Plus de peur que de mal
Quoi qu’il en soit et fort heureusement, le malentendu n’a pas eu de conséquences graves.
Aliou Diop, le procureur de Kolda en charge de l’affaire, qui ne souhaite pas s’expirmer auprès d’Afrik.com sur ce qu’il qualifie de « dossier très sensible », a libéré Franck et David, Mamadou ainsi que deux jeunes comédiens de la troupe qui ont aussi été entendus.
« Quand on a été reçu par le Procureur mardi soir, et après qu’il a visionné les cassettes, il s’est vite rendu compte qu’il n’avait rien contre nous et il nous a libérés », raconte Franck en précisant : « Lorsque j’ai pris conscience de la gravité des accusations qui étaient portées contre nous, j’ai envoyé un SMS en France pour faire bouger les réseaux, le ministère des Affaires étrangères, les ambassades et les consulats ont été prévenus, et ici, les amis Sénégalais ont aussi fait bouger beaucoup de monde. Cela a dû faire pression sur l’Etat. »

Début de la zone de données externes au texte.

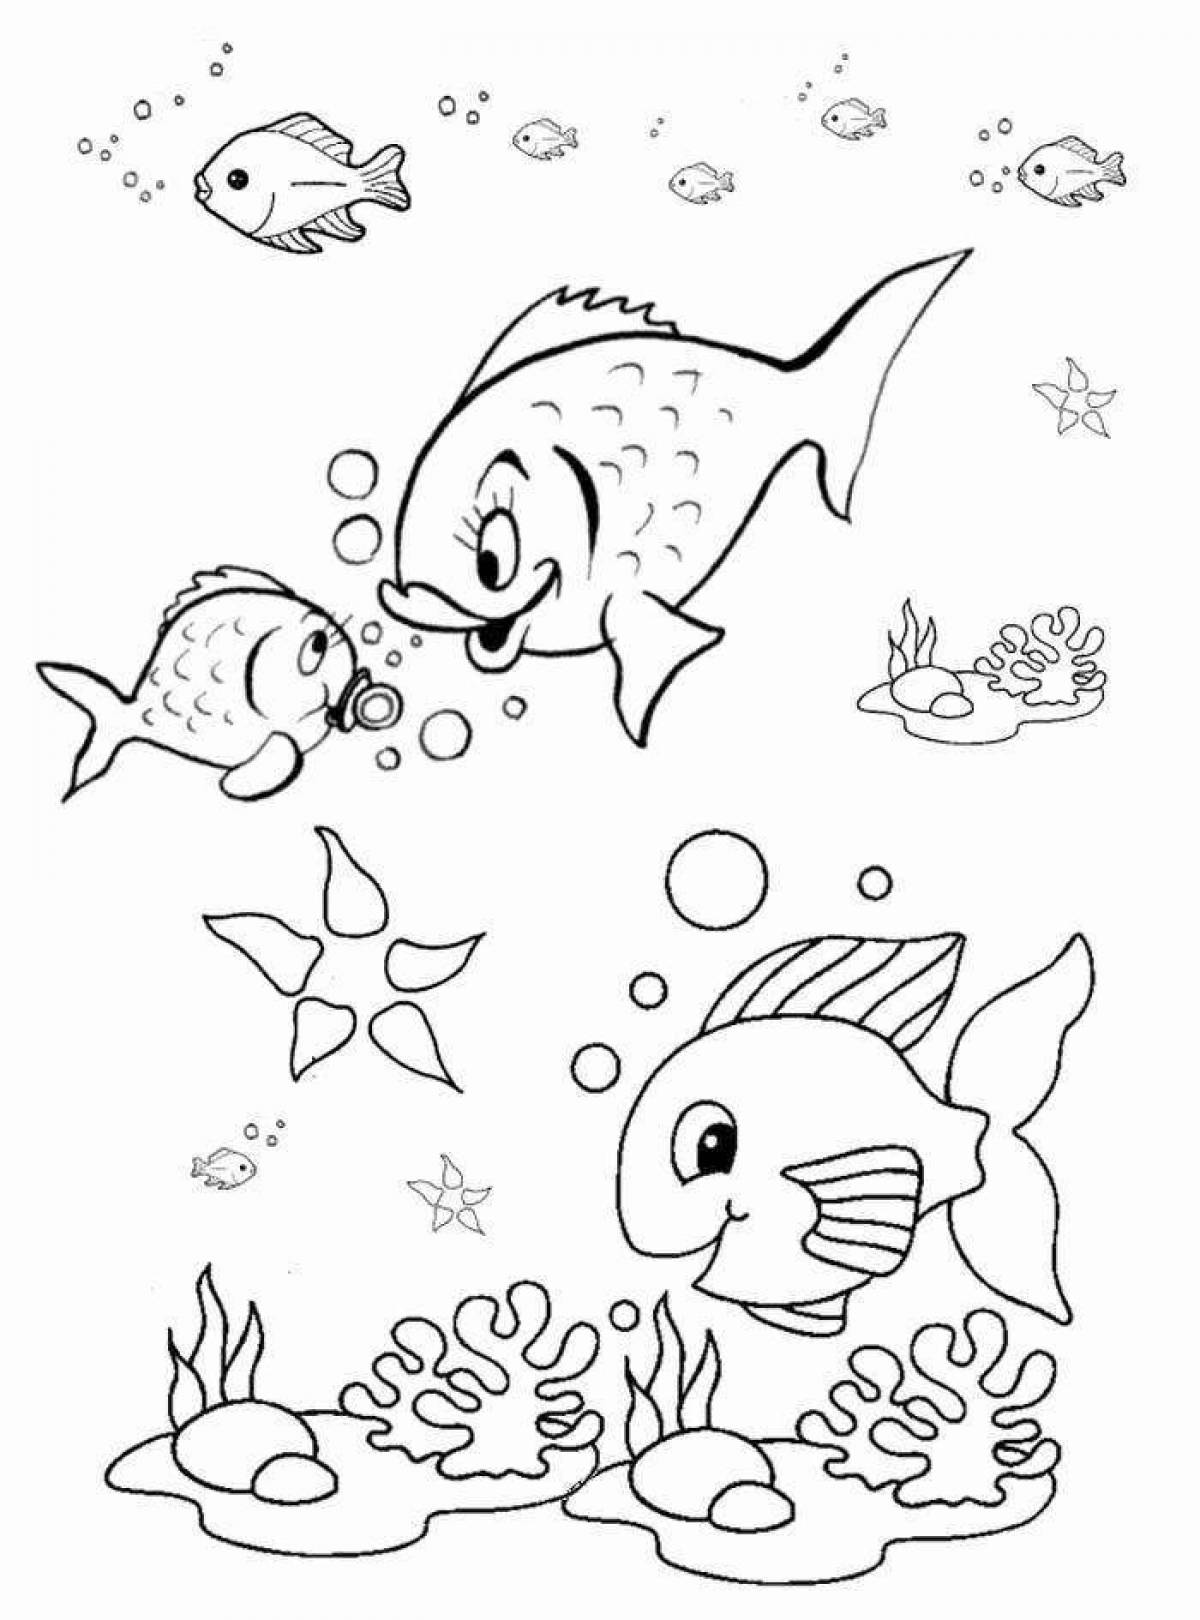 Sweet fish coloring book for children 5-6 years old
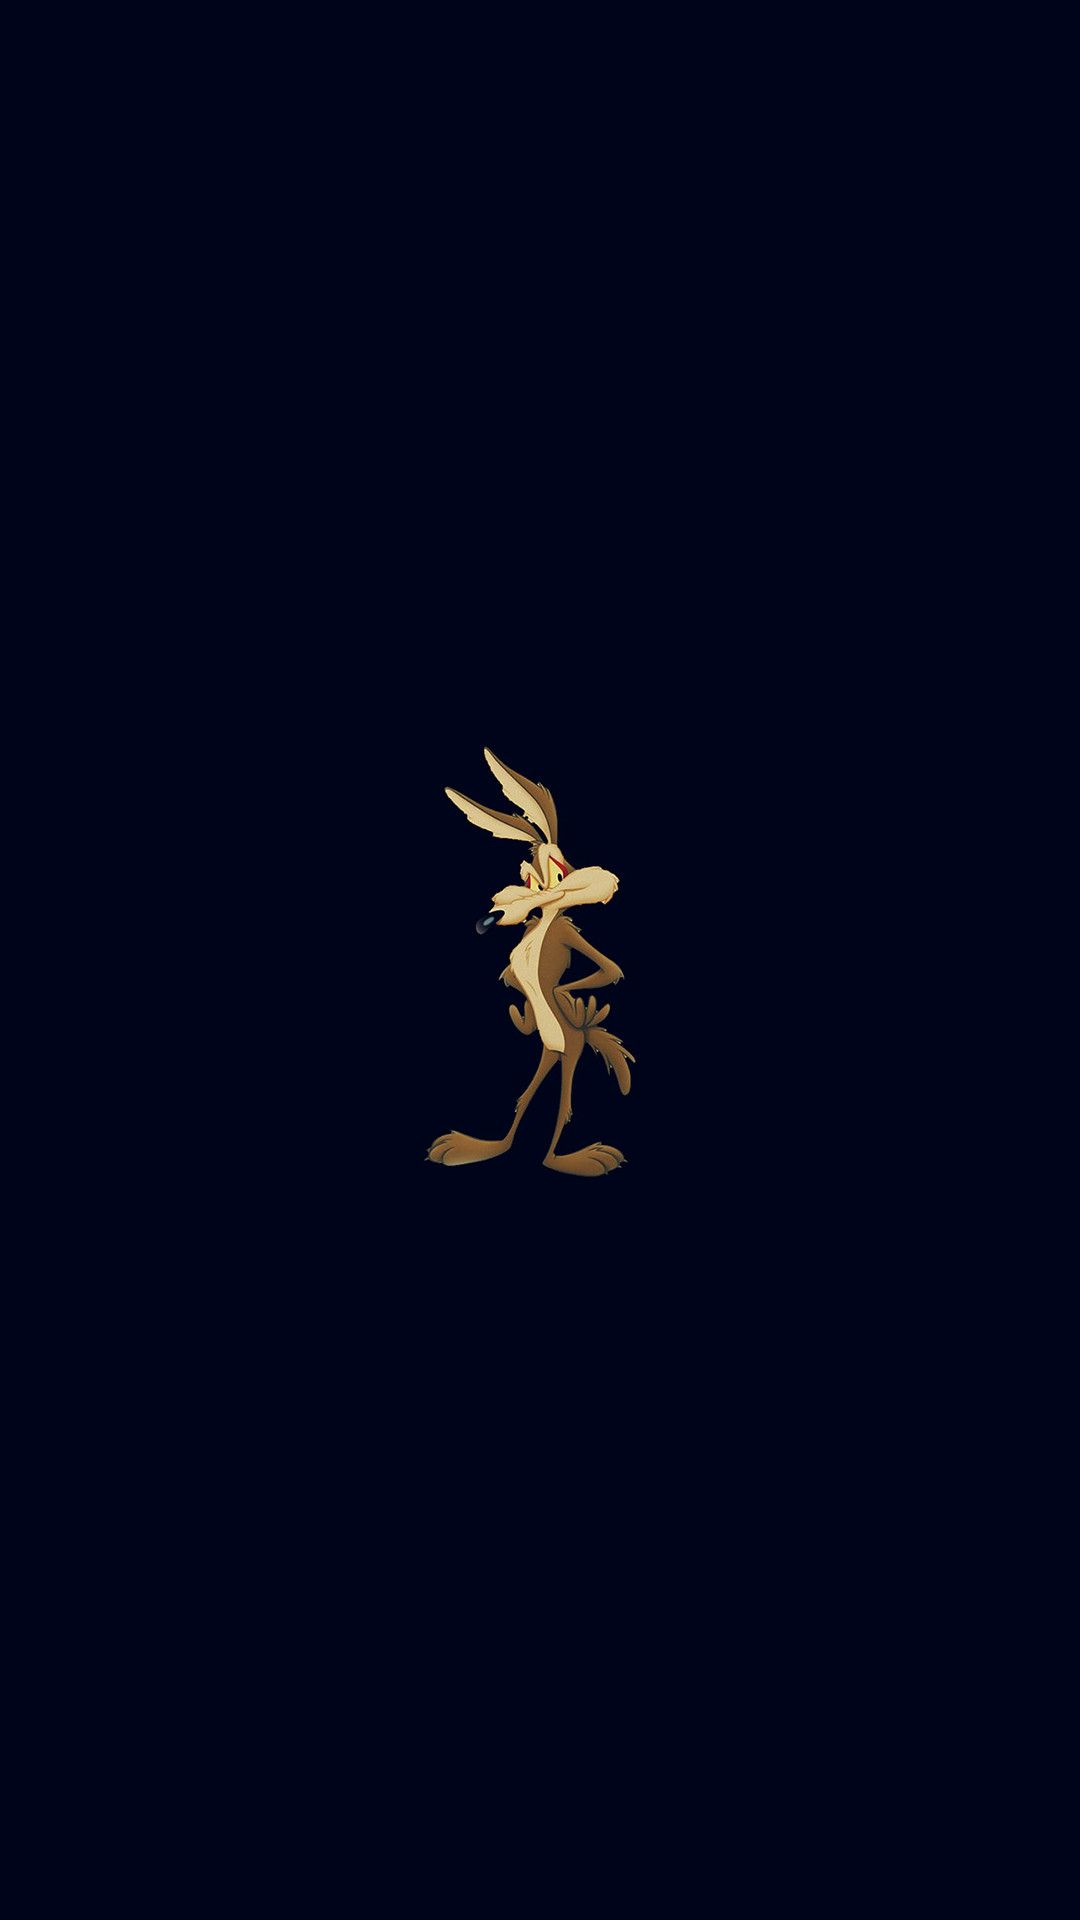 The image of a golden rabbit on black background - Bugs Bunny

Les comédiens sont rentrés à Marsassadoum qui a retrouvé la tranquillité. Le maire, satisfait du dénouement de l’affaire ne donnera pas suite. « Je pense qu’ils n’ont pas mesuré les conséquences de leurs actes, je ne porterai pas plainte, pour moi, le dossier est clos », a-t-il indiqué.
David Perez, très éprouvé par l’expérience et qui, selon Franck, « ne souhaite pas remettre les pieds au Sénégal » a rejoint Dakar dès mercredi. Franck continuera à travailler pour le développement et les échanges interculturels avec son association Via Brachy. «L’expérience a été très éprouvante, je ne m’attendais pas à vivre ça en tournant un film pour la paix, mais je suis content d’avoir participé.»
Quant aux cassettes du tournage, elles seraient toujours entre les mains du procureur de Kolda qui devra décider de l’avenir du film.